258     As Professor Sumner points out, both traditional approaches to abortion, the so-called "liberal" and "conservative" approaches, fail to take account of the essentially developmental nature of the gestation process. A developmental view of the foetus, on the other hand, supports a permissive approach to abortion in the early stages of pregnancy and a restrictive approach in the later stages. In the early stages the woman's autonomy would be absolute; her decision, reached in consultation with her physician, not to carry the foetus to term would be conclusive. The state would have no business inquiring into her reasons. Her reasons for having an abortion would, however, be the proper subject of inquiry at the later stages of her pregnancy when the state's compelling interest in the protection of the foetus would justify it in prescribing conditions. The precise point in the development of the foetus at which the state's interest in its protection becomes "compelling" I leave to the informed judgment of the legislature which is in a position to receive guidance on the subject from all the relevant disciplines. It seems to me, however, that it might fall somewhere in the second trimester. Indeed, according to Professor Sumner (p. 159), a differential abortion policy with a time limit in the second trimester is already in operation in the United States, Great Britain, France, Italy, Sweden, the Soviet Union, China, India, Japan and most of the countries of Eastern Europe although the time limits vary in these countries from the beginning to the end of the second trimester (cf.
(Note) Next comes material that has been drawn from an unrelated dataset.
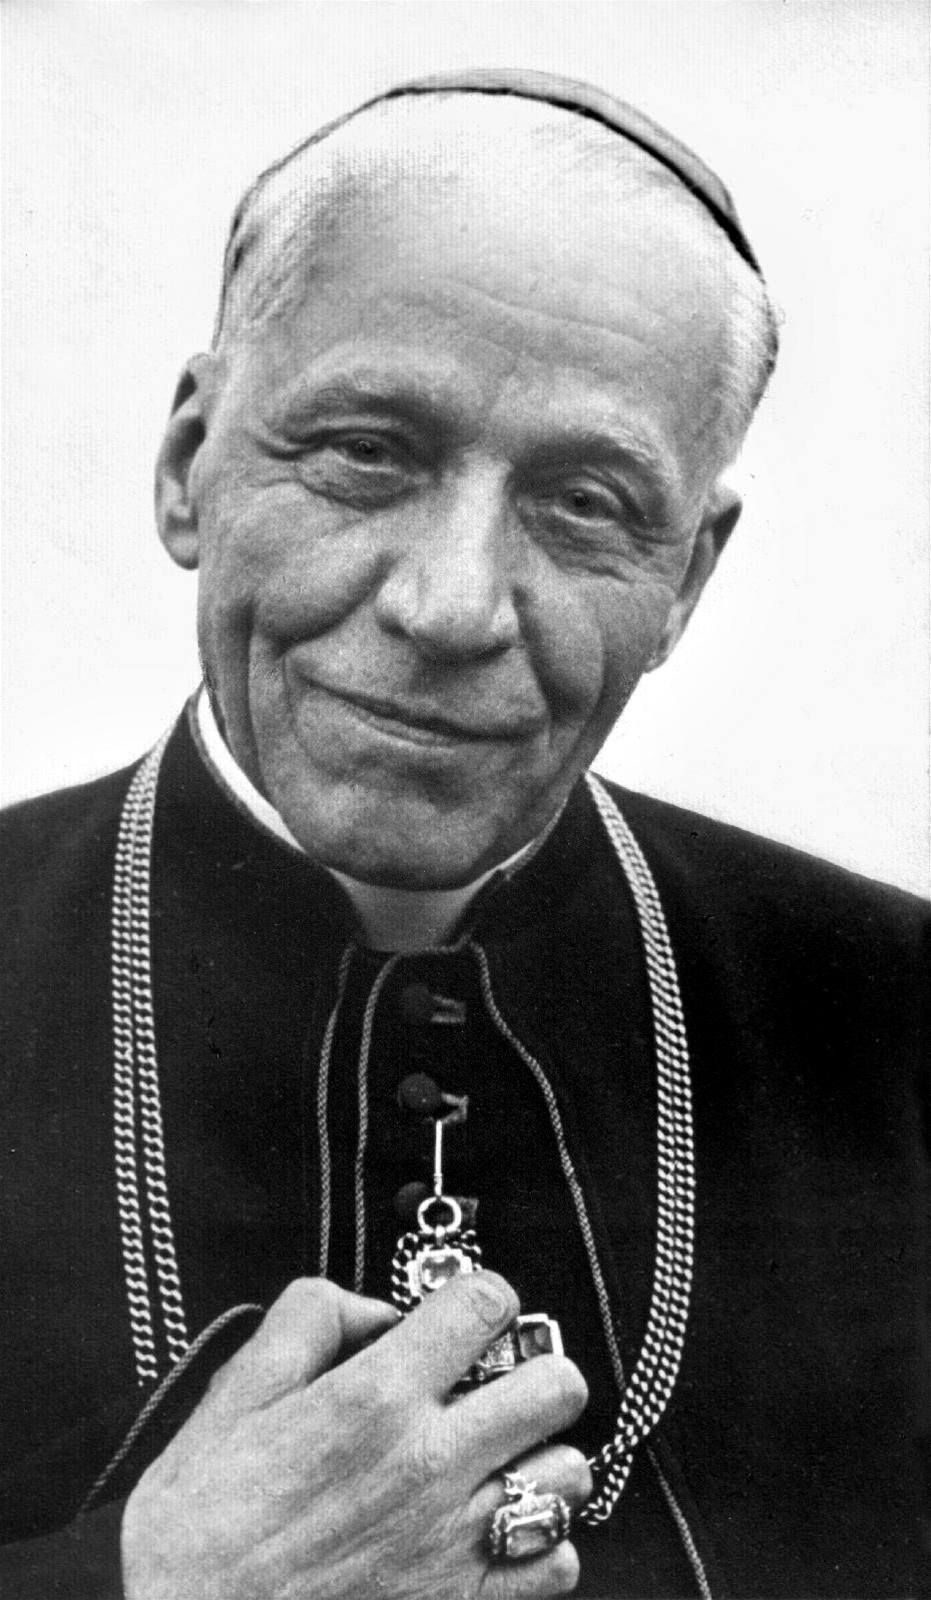 Kardinal Josef Beran

Stephen L. Isaacs, "Reproductive Rights 1983: An International Survey" (1982-83), 14 Columbia Human Rights Law Rev. 311, with respect to France and Italy).

259     Section 251 of the Criminal Code takes the decision away from the woman at all stages of her pregnancy. It is a complete denial of the woman's constitutionally protected right under s. 7, not merely a limitation on it. It cannot, in my opinion, meet the proportionality test in Oakes. It is not sufficiently tailored to the legislative objective and does not impair the woman's right "as little as possible". It cannot be saved under s. 1. Accordingly, even if the section were to be amended to remedy the purely procedural defects in the legislative scheme referred to by the Chief Justice and Beetz J. it would, in my opinion, still not be constitutionally valid.